**Data for analysis**
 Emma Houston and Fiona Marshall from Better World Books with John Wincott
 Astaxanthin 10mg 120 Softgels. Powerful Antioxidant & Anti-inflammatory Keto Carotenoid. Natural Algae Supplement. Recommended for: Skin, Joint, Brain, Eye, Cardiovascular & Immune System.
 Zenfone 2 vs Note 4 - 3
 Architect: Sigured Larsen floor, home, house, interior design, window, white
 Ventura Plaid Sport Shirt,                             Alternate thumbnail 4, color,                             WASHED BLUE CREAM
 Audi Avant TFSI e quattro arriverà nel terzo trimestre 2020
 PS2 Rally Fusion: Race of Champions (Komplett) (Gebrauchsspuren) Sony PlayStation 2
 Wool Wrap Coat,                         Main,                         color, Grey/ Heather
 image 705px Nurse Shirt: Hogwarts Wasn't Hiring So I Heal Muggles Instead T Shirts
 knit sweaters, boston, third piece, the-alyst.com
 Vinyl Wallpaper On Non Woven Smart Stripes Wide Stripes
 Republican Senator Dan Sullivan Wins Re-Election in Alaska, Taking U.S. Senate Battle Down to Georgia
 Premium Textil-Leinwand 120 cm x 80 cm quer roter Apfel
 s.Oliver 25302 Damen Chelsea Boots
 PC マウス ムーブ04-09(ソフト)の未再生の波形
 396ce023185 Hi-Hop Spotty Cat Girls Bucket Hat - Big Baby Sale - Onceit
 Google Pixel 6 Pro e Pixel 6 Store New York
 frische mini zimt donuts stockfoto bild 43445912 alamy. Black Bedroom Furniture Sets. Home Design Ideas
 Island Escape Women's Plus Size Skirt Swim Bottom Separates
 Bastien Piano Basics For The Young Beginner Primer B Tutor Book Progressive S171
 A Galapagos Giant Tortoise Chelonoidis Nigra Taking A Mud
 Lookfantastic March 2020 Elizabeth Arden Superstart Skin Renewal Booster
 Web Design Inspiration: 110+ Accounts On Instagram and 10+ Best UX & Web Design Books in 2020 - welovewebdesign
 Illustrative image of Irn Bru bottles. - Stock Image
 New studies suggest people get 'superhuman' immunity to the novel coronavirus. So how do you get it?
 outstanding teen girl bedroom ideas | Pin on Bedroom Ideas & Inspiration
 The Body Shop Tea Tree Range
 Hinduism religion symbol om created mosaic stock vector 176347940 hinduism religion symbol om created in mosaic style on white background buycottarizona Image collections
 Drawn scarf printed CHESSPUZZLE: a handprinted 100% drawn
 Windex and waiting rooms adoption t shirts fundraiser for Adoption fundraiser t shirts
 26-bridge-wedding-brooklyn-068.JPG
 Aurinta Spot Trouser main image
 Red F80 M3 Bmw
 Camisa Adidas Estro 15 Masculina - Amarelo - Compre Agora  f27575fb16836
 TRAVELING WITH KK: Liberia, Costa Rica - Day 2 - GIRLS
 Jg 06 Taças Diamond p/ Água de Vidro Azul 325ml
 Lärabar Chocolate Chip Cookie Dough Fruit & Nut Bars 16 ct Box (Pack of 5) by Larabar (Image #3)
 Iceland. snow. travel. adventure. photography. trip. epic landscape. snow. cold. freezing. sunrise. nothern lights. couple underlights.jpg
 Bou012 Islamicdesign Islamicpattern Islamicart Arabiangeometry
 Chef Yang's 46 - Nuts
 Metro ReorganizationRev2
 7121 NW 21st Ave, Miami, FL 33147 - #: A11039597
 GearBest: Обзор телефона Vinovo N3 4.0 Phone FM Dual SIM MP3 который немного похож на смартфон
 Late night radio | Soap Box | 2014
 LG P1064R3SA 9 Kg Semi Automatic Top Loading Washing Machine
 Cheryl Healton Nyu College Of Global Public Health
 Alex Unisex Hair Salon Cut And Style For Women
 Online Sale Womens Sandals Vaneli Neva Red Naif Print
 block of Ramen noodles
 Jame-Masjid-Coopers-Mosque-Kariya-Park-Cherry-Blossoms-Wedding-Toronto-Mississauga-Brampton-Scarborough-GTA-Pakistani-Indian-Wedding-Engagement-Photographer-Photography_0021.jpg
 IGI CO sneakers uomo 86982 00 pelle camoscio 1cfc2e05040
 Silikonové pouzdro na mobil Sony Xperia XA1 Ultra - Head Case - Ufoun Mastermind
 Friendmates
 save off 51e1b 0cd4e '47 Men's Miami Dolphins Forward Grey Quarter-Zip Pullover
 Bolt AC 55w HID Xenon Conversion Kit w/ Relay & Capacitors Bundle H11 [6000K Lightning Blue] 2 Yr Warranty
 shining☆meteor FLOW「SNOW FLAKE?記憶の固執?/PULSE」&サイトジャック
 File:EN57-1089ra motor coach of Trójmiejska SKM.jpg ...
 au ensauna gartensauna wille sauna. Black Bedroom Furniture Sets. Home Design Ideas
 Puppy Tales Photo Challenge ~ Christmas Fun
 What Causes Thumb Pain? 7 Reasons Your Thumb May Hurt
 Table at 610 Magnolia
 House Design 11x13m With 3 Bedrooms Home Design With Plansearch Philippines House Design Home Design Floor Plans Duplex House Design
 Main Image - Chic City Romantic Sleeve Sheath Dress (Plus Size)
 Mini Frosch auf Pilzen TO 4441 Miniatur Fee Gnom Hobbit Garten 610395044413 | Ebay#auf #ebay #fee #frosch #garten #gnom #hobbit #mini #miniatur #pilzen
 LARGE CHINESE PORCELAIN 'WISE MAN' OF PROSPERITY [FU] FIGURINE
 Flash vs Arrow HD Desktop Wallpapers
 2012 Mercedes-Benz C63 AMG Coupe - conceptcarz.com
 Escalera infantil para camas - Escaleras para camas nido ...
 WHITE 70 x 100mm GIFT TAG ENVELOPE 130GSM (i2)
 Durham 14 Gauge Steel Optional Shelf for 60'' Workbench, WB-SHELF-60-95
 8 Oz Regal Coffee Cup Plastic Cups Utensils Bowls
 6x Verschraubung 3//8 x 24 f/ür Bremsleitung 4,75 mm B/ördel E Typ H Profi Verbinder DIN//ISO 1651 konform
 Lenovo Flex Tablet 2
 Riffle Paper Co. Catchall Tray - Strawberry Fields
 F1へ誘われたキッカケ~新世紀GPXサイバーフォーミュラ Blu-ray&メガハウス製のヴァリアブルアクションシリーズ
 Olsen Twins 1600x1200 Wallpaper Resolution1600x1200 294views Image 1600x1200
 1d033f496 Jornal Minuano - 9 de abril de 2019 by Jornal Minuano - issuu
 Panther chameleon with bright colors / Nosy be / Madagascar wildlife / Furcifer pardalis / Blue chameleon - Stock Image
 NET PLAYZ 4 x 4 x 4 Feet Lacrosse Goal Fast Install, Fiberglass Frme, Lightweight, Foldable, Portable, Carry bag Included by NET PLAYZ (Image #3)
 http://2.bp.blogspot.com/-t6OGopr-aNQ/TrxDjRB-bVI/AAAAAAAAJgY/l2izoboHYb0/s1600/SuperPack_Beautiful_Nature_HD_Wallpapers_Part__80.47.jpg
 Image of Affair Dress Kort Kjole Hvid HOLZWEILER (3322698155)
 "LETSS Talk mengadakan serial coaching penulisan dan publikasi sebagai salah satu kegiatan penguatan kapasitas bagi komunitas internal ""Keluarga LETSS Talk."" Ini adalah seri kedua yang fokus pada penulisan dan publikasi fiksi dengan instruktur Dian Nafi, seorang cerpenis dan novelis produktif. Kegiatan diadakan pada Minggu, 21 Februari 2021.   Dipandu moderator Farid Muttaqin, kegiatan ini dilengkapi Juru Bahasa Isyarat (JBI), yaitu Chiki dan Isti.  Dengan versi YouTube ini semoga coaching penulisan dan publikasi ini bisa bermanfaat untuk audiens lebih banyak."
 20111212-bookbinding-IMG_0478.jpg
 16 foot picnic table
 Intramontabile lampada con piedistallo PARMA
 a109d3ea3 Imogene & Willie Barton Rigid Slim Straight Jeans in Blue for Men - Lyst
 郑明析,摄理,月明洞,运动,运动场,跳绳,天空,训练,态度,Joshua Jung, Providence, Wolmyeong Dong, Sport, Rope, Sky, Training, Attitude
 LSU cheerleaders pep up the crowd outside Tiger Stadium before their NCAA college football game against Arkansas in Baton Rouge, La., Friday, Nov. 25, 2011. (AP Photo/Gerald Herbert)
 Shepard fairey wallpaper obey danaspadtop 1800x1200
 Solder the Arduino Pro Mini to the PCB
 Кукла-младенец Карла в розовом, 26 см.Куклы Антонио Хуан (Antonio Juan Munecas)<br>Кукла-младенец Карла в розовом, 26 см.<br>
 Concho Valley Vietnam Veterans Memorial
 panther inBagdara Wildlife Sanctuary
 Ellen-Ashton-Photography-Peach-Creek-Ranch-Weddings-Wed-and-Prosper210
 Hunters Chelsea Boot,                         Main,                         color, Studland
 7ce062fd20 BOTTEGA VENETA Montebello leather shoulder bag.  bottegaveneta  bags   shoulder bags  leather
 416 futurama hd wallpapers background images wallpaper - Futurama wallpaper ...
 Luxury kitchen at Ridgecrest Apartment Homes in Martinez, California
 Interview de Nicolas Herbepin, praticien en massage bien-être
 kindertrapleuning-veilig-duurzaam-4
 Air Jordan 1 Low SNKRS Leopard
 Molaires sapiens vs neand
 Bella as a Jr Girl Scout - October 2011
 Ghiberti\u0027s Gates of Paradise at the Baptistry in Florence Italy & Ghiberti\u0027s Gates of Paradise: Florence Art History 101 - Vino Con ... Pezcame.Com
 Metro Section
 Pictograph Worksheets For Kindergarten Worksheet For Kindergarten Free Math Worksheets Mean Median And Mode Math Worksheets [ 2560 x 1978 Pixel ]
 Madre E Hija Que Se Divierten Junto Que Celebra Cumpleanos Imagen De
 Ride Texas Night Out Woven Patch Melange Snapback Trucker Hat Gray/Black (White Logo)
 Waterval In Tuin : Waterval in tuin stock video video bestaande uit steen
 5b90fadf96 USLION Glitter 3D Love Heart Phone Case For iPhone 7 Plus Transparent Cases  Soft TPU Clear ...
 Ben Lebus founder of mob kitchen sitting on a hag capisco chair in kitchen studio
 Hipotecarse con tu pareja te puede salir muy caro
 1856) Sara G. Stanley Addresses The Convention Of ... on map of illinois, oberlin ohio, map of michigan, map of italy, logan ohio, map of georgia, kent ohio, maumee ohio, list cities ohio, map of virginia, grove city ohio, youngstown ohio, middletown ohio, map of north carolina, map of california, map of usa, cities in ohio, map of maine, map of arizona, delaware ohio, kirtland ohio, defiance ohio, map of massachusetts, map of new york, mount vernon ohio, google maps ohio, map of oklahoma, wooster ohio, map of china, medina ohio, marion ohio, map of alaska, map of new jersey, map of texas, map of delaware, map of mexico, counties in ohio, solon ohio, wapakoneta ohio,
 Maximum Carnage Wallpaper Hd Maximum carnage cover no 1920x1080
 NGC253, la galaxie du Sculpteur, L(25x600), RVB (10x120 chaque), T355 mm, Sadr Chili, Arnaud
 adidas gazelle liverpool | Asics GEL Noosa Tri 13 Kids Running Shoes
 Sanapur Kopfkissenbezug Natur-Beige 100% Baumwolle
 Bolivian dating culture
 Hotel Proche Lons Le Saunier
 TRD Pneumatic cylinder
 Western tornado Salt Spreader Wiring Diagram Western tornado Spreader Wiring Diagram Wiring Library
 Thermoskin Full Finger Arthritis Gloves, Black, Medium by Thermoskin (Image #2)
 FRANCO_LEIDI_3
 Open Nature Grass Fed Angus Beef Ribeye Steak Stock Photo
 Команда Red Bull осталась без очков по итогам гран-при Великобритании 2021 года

**How to complete this task**
For the word "Metro", return every line of the records that holds it.

**Finished task**
 Metro ReorganizationRev2
 Metro Section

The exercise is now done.